We will extend our use of Quarto to do literate programming in R. You will write R functions to execute the steps of the data analysis, and will also write narrative text (in Quarto) to explain the analysis and your findings in plain English.
1.1 Objectives
- Produce a “filled-in” version of this website, following the overall structure in the table of contents at left. That is, you will:
- Perform exploratory data analysis, creating visual and descriptive summaries of the data
- Develop a regression model to predict student performance in relation to other characteristics of the students and their environments, describing your model selection process
- Draw conclusions in the context of this problem
1.2 Checklist
- Read the dataset description in Chapter 2 (completed for you)
- To get a sense of what you will be asked to do, read the instructions in Chapter 3 as an example. For each section, you will be writing R functions to perform data-analysis tasks, and then filling in a Quarto document to explain your work and findings. This will entail parallel editing of both R scripts (to define the functions) and Quarto files (to explain your work in plain language), filling in a data-analysis project directory.

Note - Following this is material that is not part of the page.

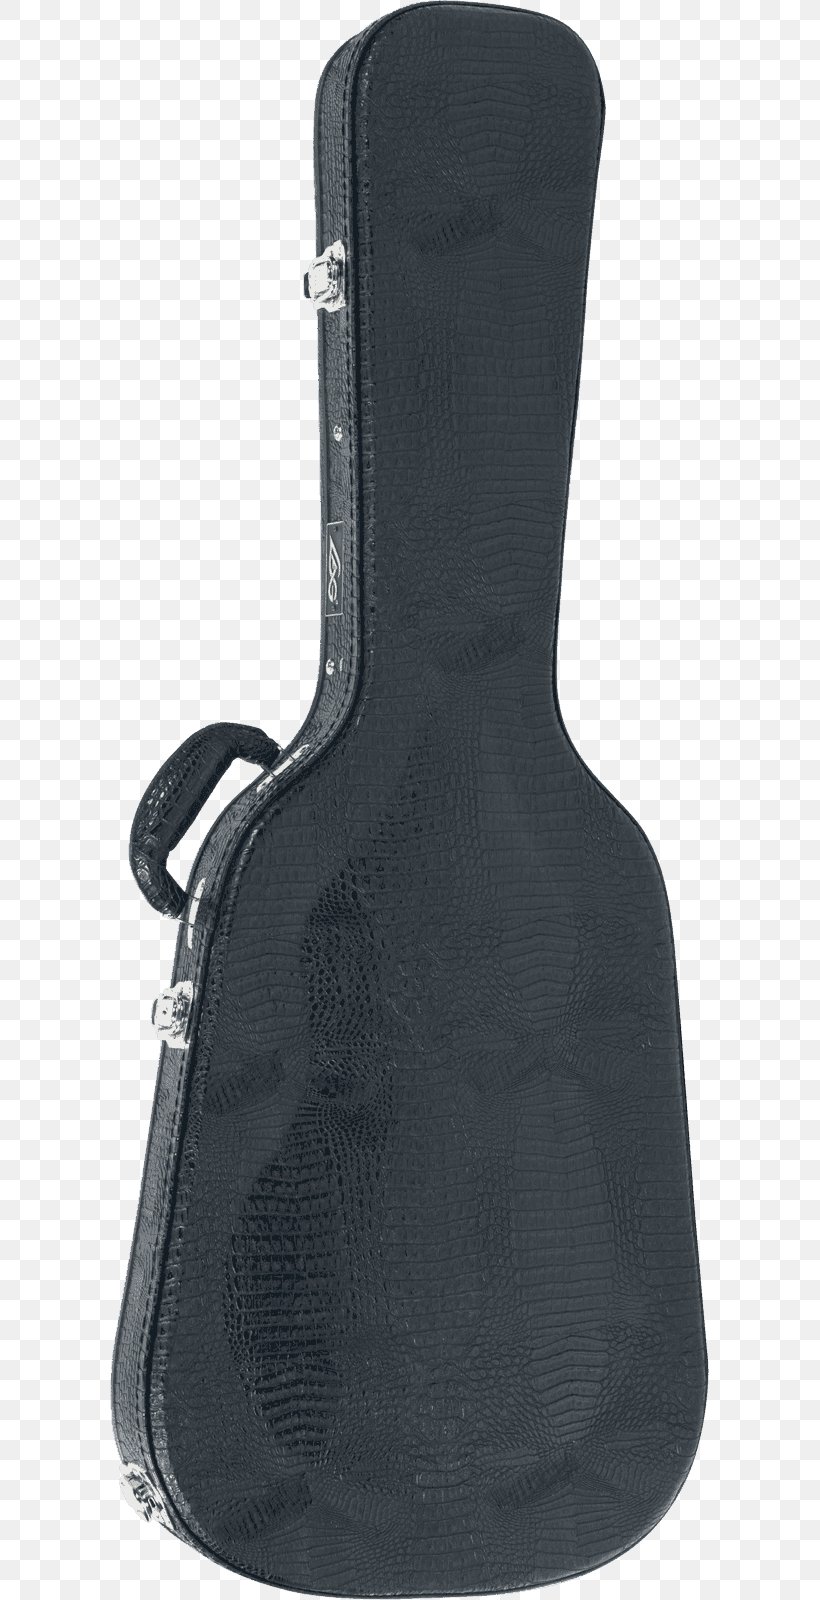 Guitar Gig Bag, PNG, 599x1600px, Guitar, Bag, Gig Bag, Musical Instrument, Plucked String Instruments Download Free
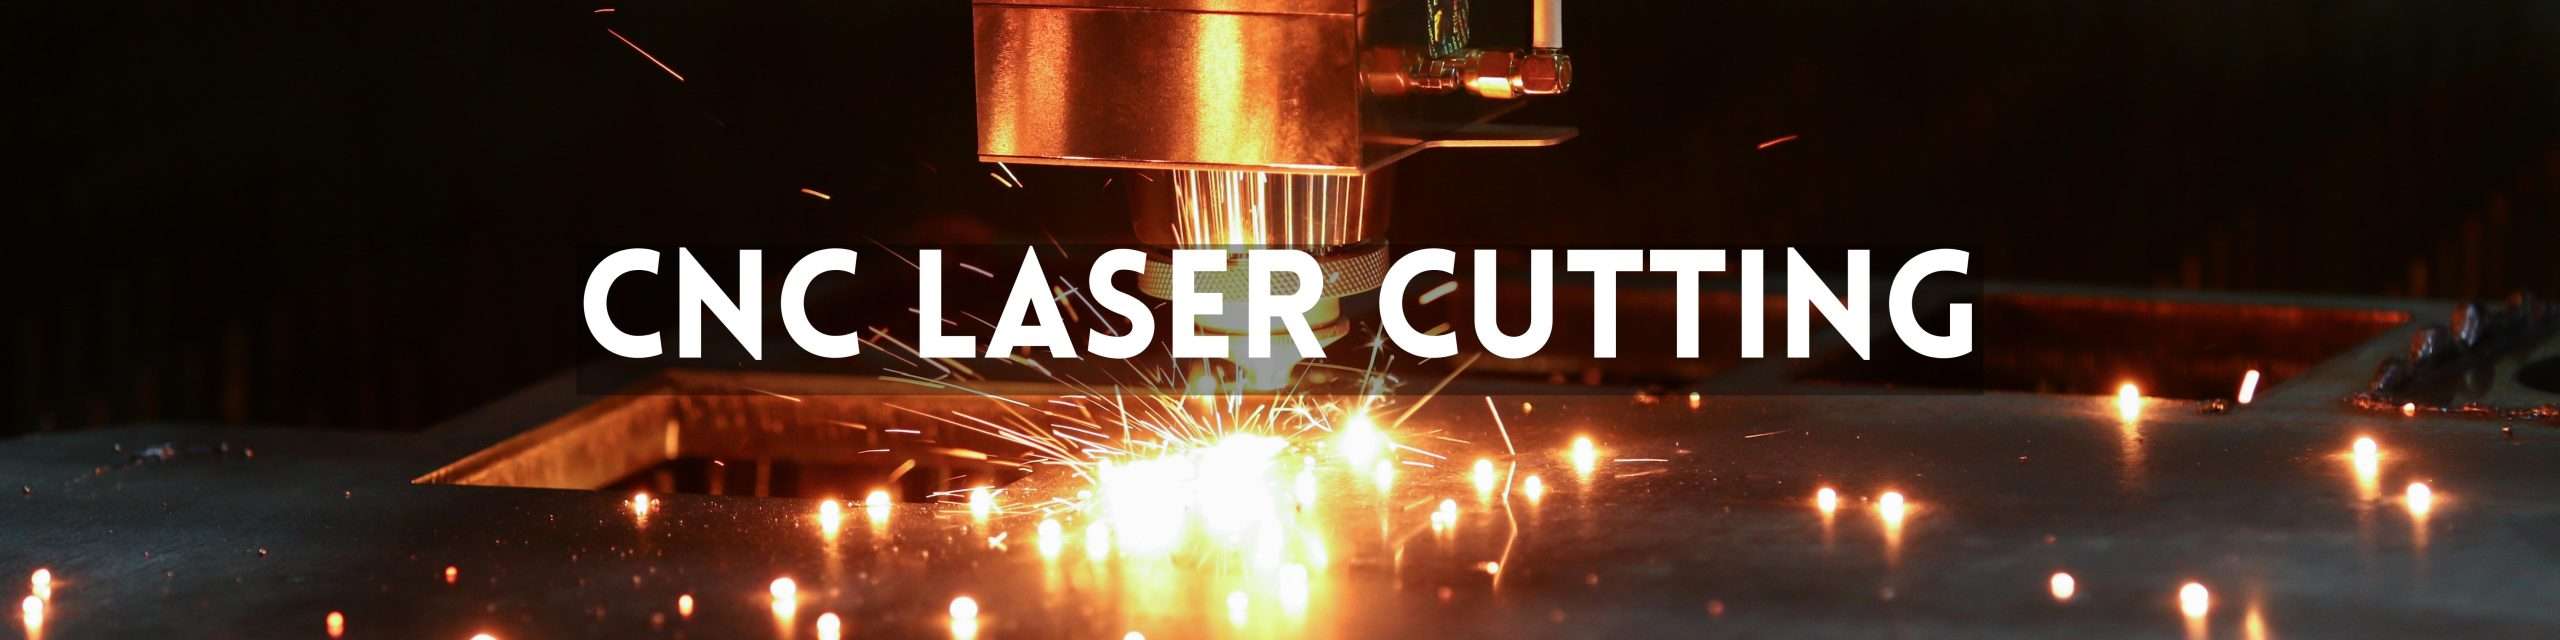 Online CNC Laser Cutting Machine Services Best Price in Haryana

- Download the zip file student_performance.zip, which contains a template of the project directory. Specifically it has all the code used to produce this site.
- Find and unzip it on your computer, then open the project in RStudio or Positron
- Edit
_quarto.ymlto add your name - Read and follow the instructions in each section to complete the analysis and the website
1.3 Project organization
The project directory is organized as follows:
student_performance/
├── _brand.yml # Drew branding (colors, logo, fonts)
├── _quarto.yml # Quarto book configuration
├── index.qmd # This file - project introduction and overview
├── student_performance.Rproj # RStudio project file
│
├── quarto/ # Quarto documents for the analysis narrative
│ ├── 01_data.qmd # Data description and loading
│ ├── 02_exploration.qmd # Exploratory data analysis
│ ├── 03_modelling.qmd # Model development and selection
│ └── 04_conclusions.qmd # Final conclusions and interpretation
│
├── R/ # R scripts with analysis functions
│ ├── 01_data.R # Functions for data loading and preparation
│ ├── 02_exploration.R # Functions for exploratory analysis
│ └── 03_modelling.R # Functions for model fitting and evaluation
│
├── data/ # Data files
│ ├── raw/ # Original, unmodified data
│ │ └── student-mat.csv # Student performance dataset
│ └── derived/ # Processed/cleaned data (you will create these)
│
└── extras/ # Additional resources
└── drew_logo.png # Drew logo for branding
1.4 Optional: rendering and publishing online
See documentation on Posit Publisher
1.4.1 In Positron
- Type
Ctrl+Shift+P, then search for and run “Posit Publisher: New Credential” and choose Posit Connect Cloud- You should be taken through some steps automatically:
- You will need to create an additional account at Posit Connect Cloud
- You will also need to authenticate Positron to this service
- You should be taken through some steps automatically:
- Type
Ctrl+Shift+P, then search for and run “Posit Publisher: New Deployment” and chooseindex.qmd. You will have an option between deploying with source code or deploying the rendered document only. Either is acceptable, but choosing the rendered document may be simpler.- A window should open at the left to “Deploy Your Project”. Click that button.
This should “deploy” your website to a Posit Connect server. The link could e.g. be shared with me for grading.